Зюзин еще ниже опустил голову на грудь, молчал. Царь добавил:

– Вели, дьяк, стрельцам взять и увести вора Никитку на Житный двор! Вести укажи мимо Троицких ворот, чтоб служилые люди приказа, кой он опоганил, видели его.

Зюзин поднял голову, сказал:

– Великий государь! Знаю вину и готов положить на плаху то, что ношу на плечах, но не лишай меня взглянуть дом: там жена моя при конце живота! Дай слово молыть умирающей… Молю!

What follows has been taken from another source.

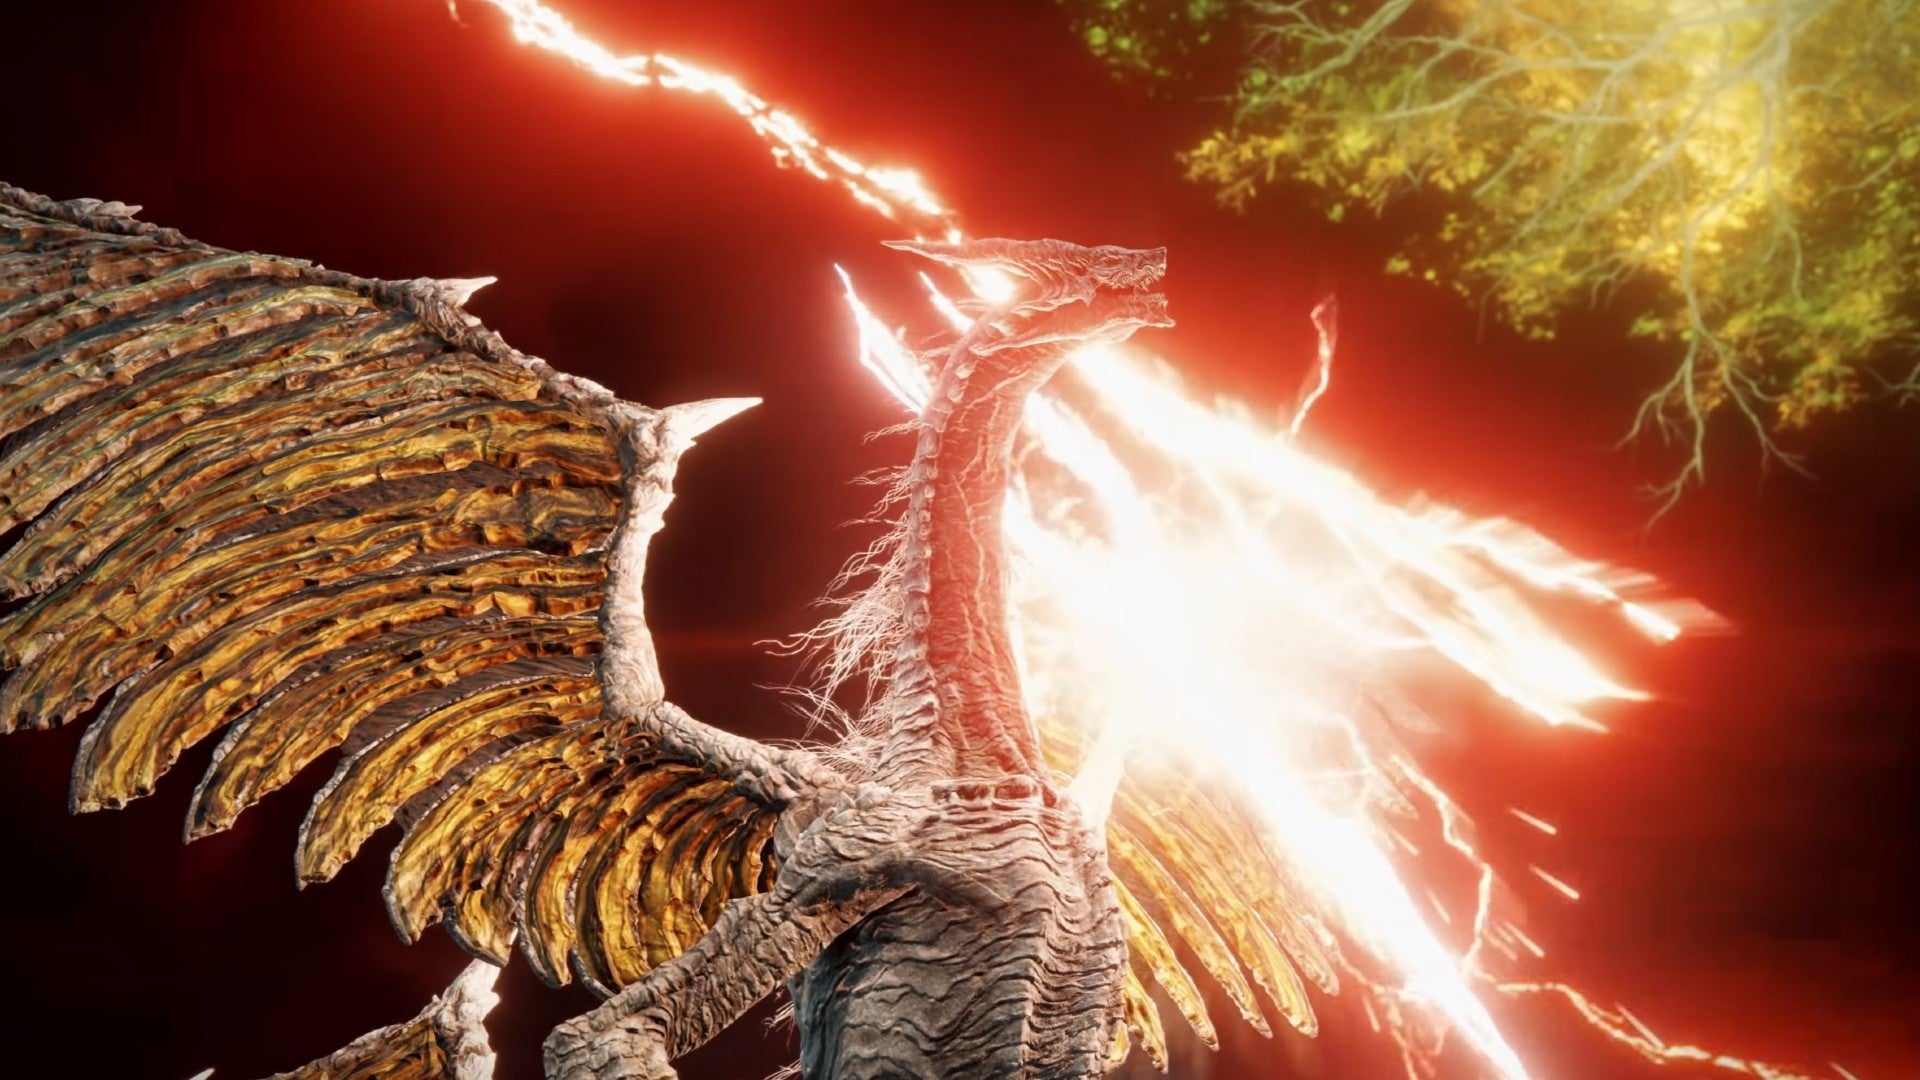 Elden Ring image showing a standing dragon holding a crackling bolt of red lightning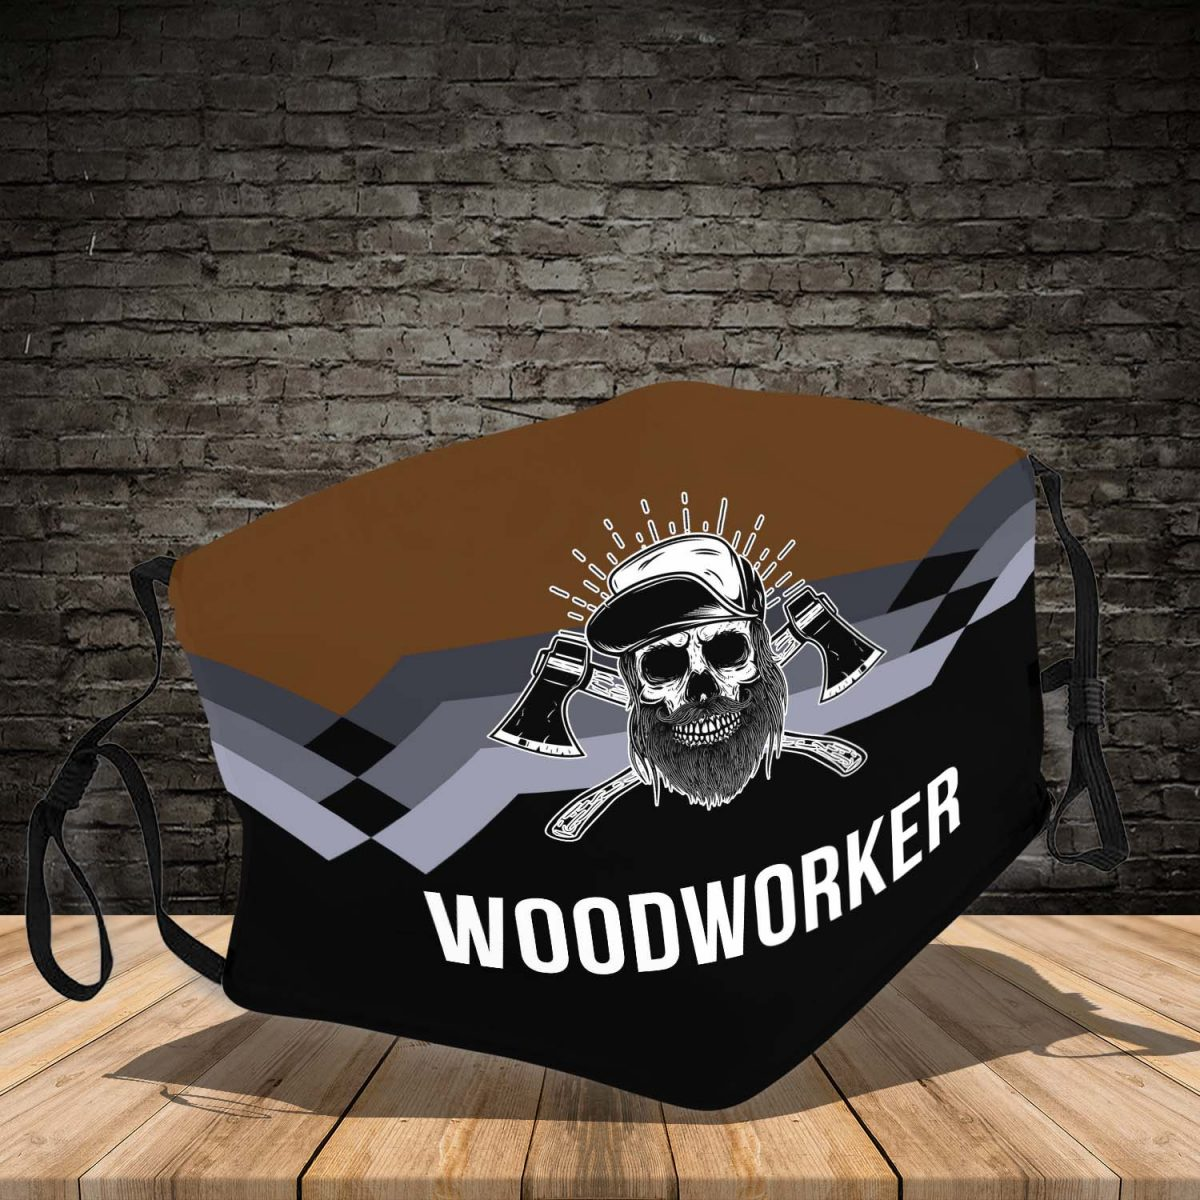 Woodworker 3d face mask

– А ты думал о жене, когда воровал против государева имени? Иди и говори на пытке, пошто призывал Никона и зачем поклепал бояр! Прощаться тебе некогда.

Дьяк, вставая, сказал:

– Идем за приставы, Никита!

Кого не добром звали на Земский двор, тому долго помнились широкие ворота приказа. С раннего утра по двору ходили люди, вглядываясь в лица покойников, ища родных, убитых или опившихся в кабаке. Нищие божедомы, как воронье, копошились целыми днями, собирая трупы по Москве и волоча их на Земский двор. Теперь было то же. Чуть рассвело, на дворе толпа людей, а кому было время, тот теснился к столбу у ворот, широкому, врытому глубоко в землю, тесанному в шесть углов. На этом столбе вывешивались извещения и постановления царские, о которых бирючам кричать было долго и путано, а извещать с Лобного места не подходило под статью закона. Сегодня на столбе у Земского двора содрали бумагу «О смещении из Судного приказа боярина Никиты Зюзина». На обрывках прежнего извещения решеточный приказчик прибивал новую. Где и как прибивать бумагу, решеточному указывал площадной подьячий. Москвичи, проходя во двор, оглянувшись, останавливались у столба, иные, махая руками, манили грамотных:

– Опять што в ей? Вишь, новая!

Пьяненький безместный поп с цепью медной наперсного креста на шее весело и охотно читал желающим слышать извещение:

– «Великий государь, царь и великий князь, всея Русии самодержец Алексей Михайлович самолично искал крамолу боярскую и в Малой Тронной зале с думным дьяком Алмазом Ивановым допрашивал бывшего боярина Никитку Зюзина, уличил его в подписке государева имени и пущей крамоле и самовольстве, что он, Никитка, на восемнадесятое декабря в Успенский собор, без ведома великого государя, но его светлым именем и именем государыни, Марии Ильинишны, призвал к литургии в час до рассвета бывшего патриарха Никона, и Никон, приехав, учинил великое смятение в Успенском соборе и божественную литургию прервал и посох святителя Петра взял и уехал, изгнанный повелением великого государя всея Русии Алексея Михайловича!»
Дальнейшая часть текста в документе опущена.